=== Section Start ===

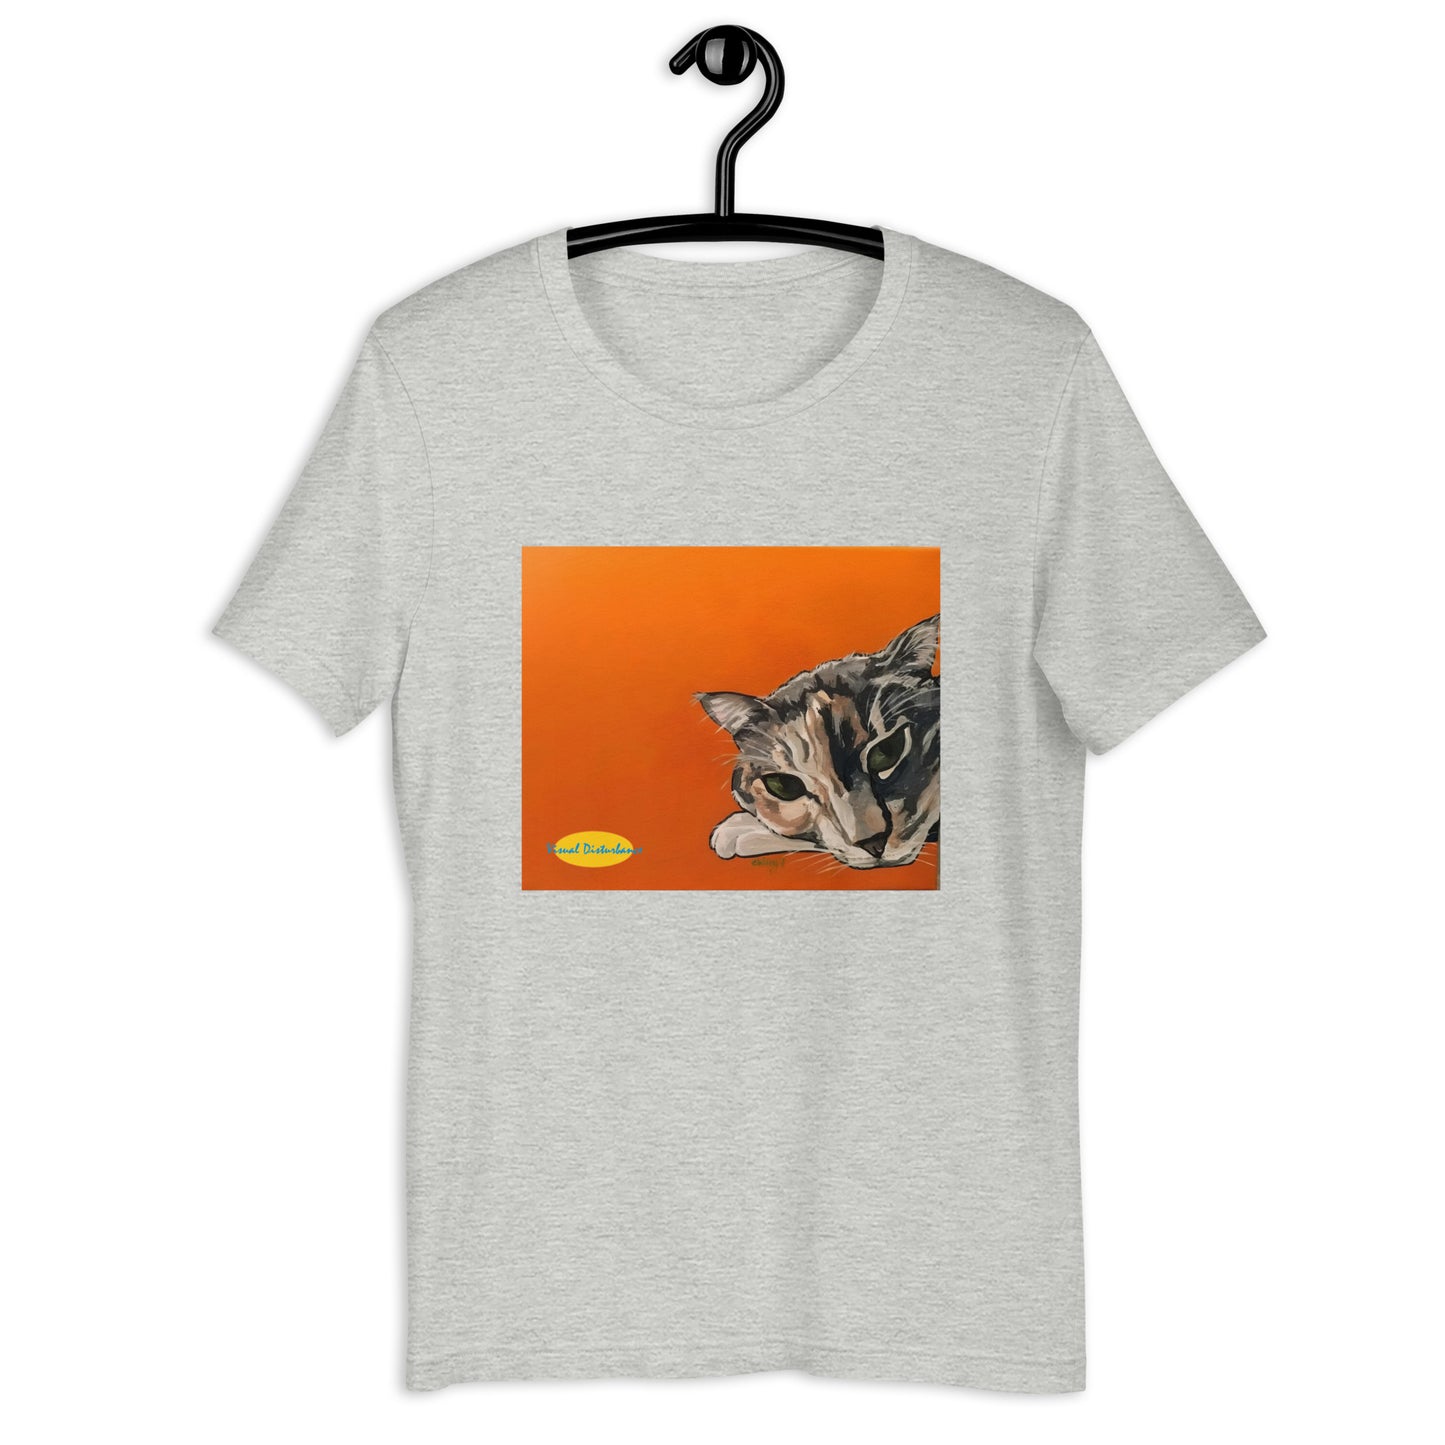 Calico Cat on Orange Unisex t-shirt
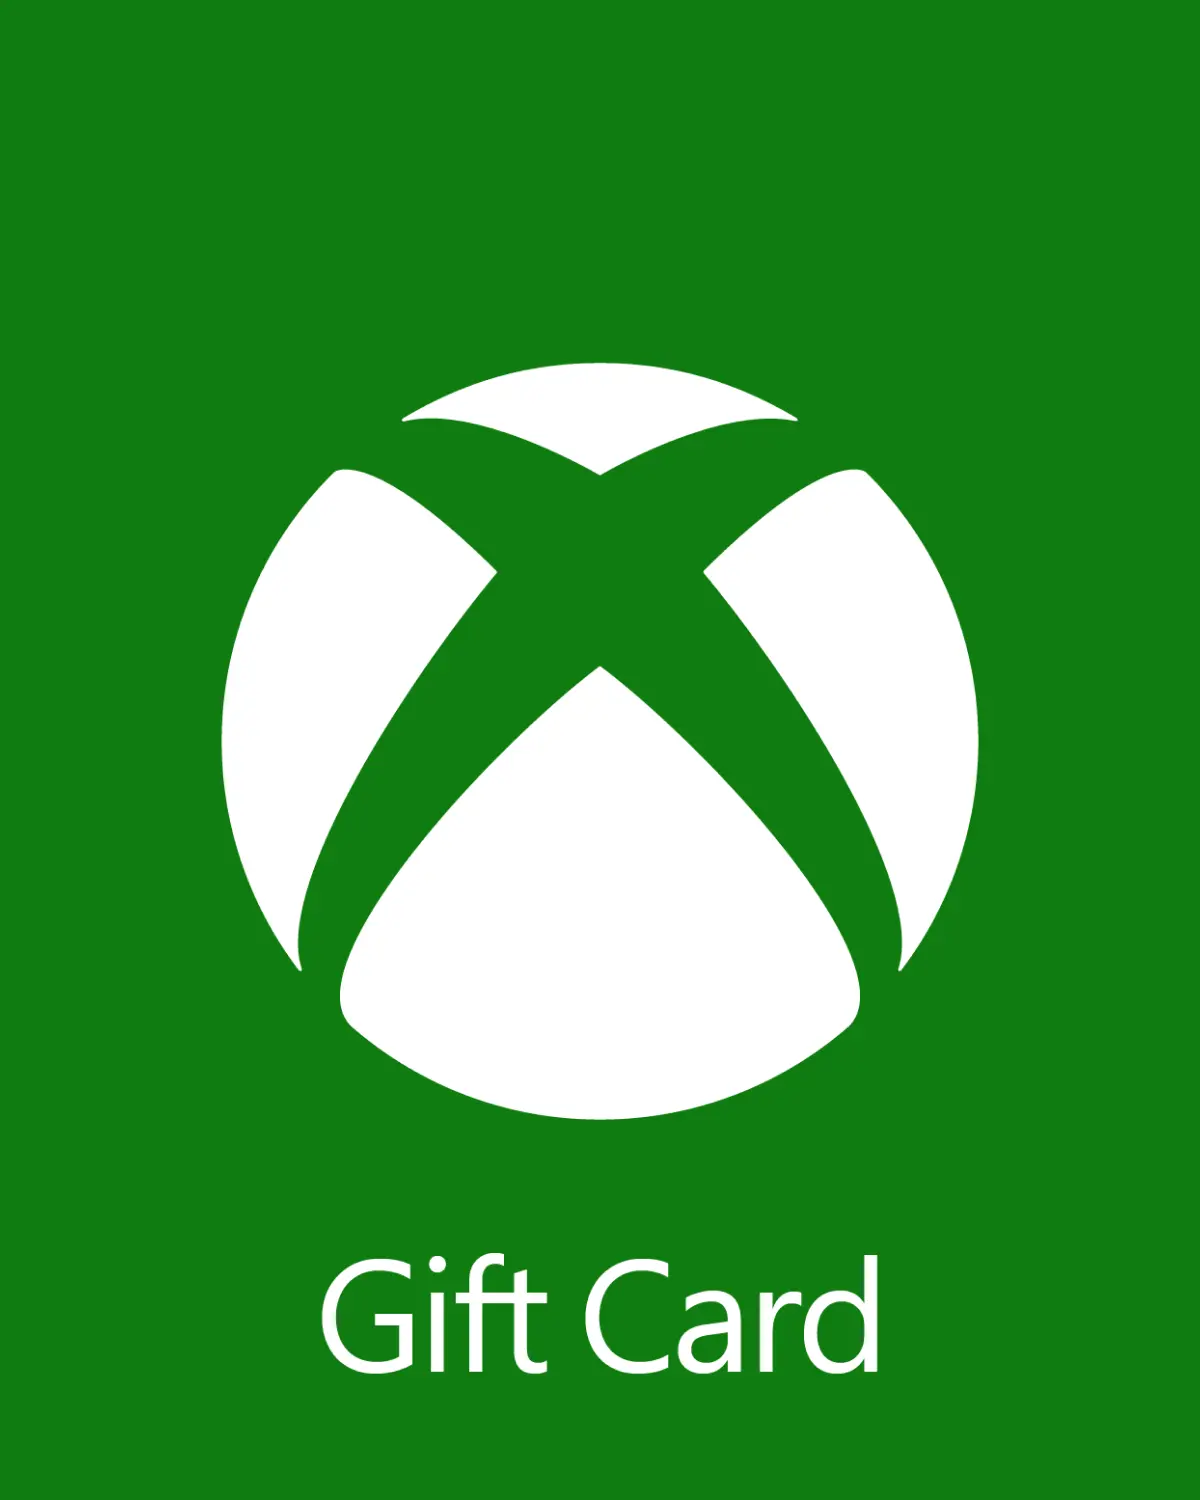 Xbox £15 GBP Gift Card (UK) - Digital Code
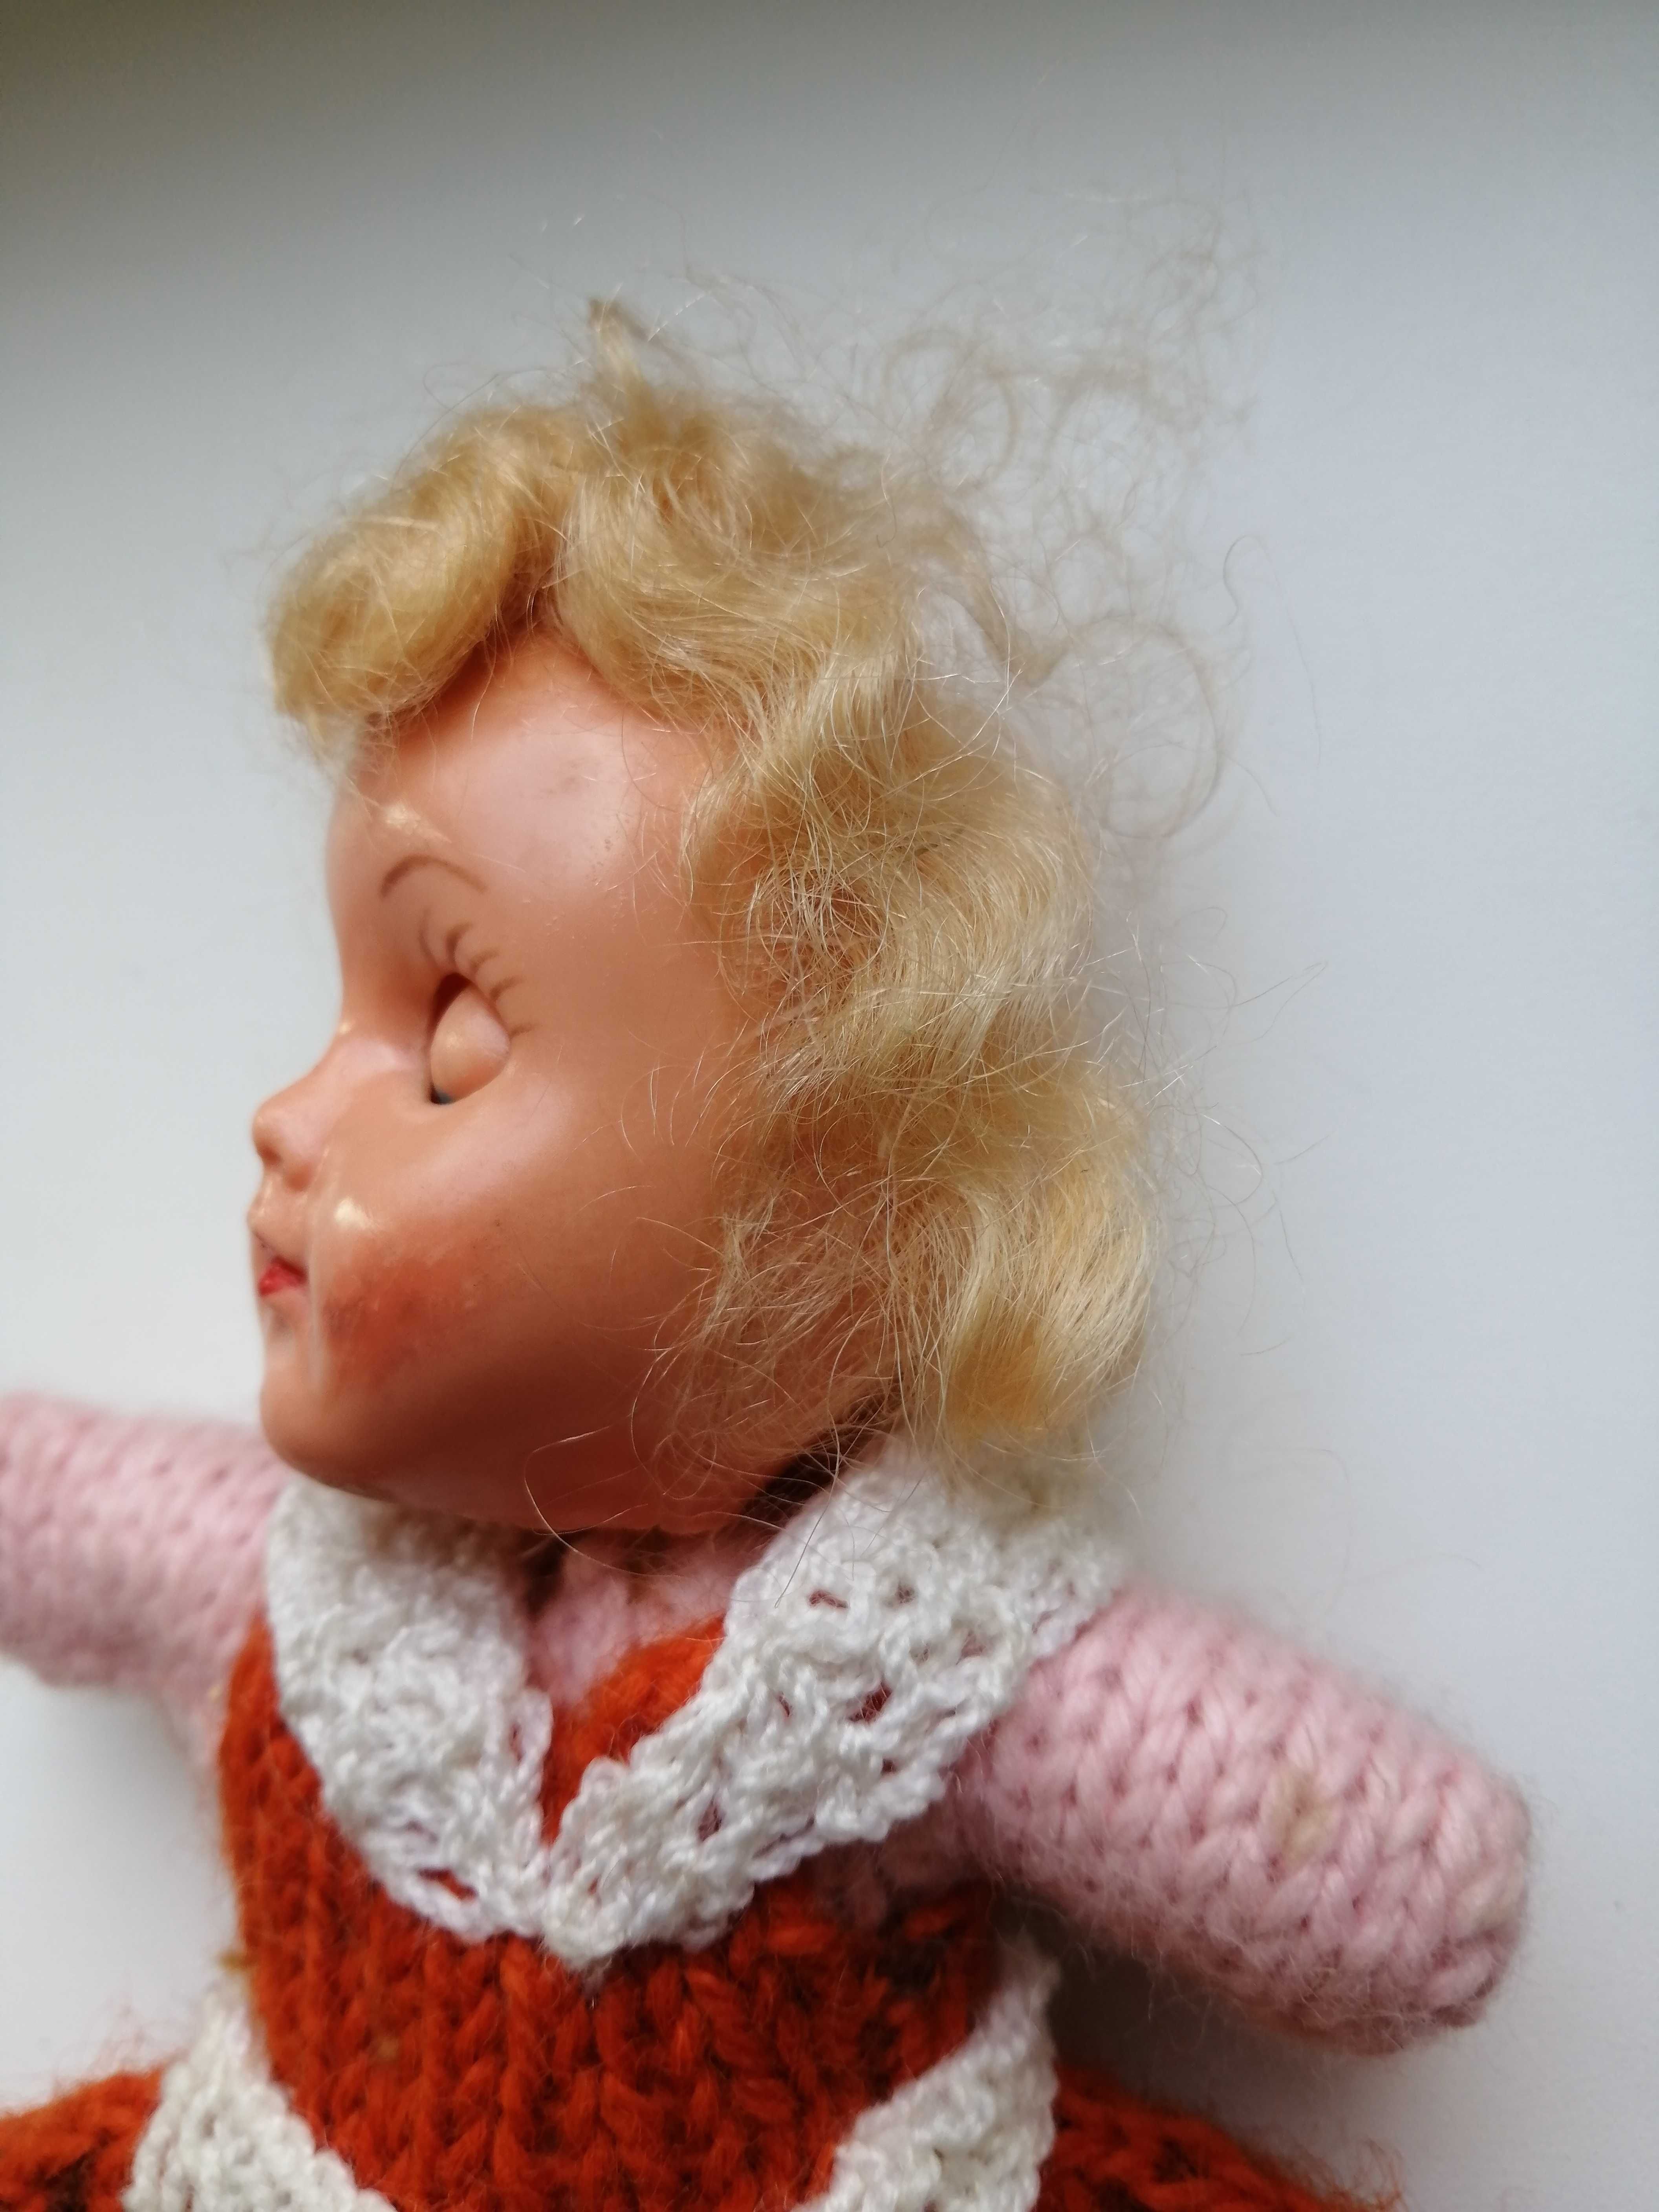 Кукла старая винтажная целлулоидная вінтажна на чайник голова куклы

=== Section End ===

**EXERCISE PROMPT:**
Make an exact copy of the listing, with no images in it.

**EXERCISE ANSWER:**
 Calico Cat on Orange Unisex t-shirt
 Xbox £15 GBP Gift Card (UK) - Digital Code
 Кукла старая винтажная целлулоидная вінтажна на чайник голова куклы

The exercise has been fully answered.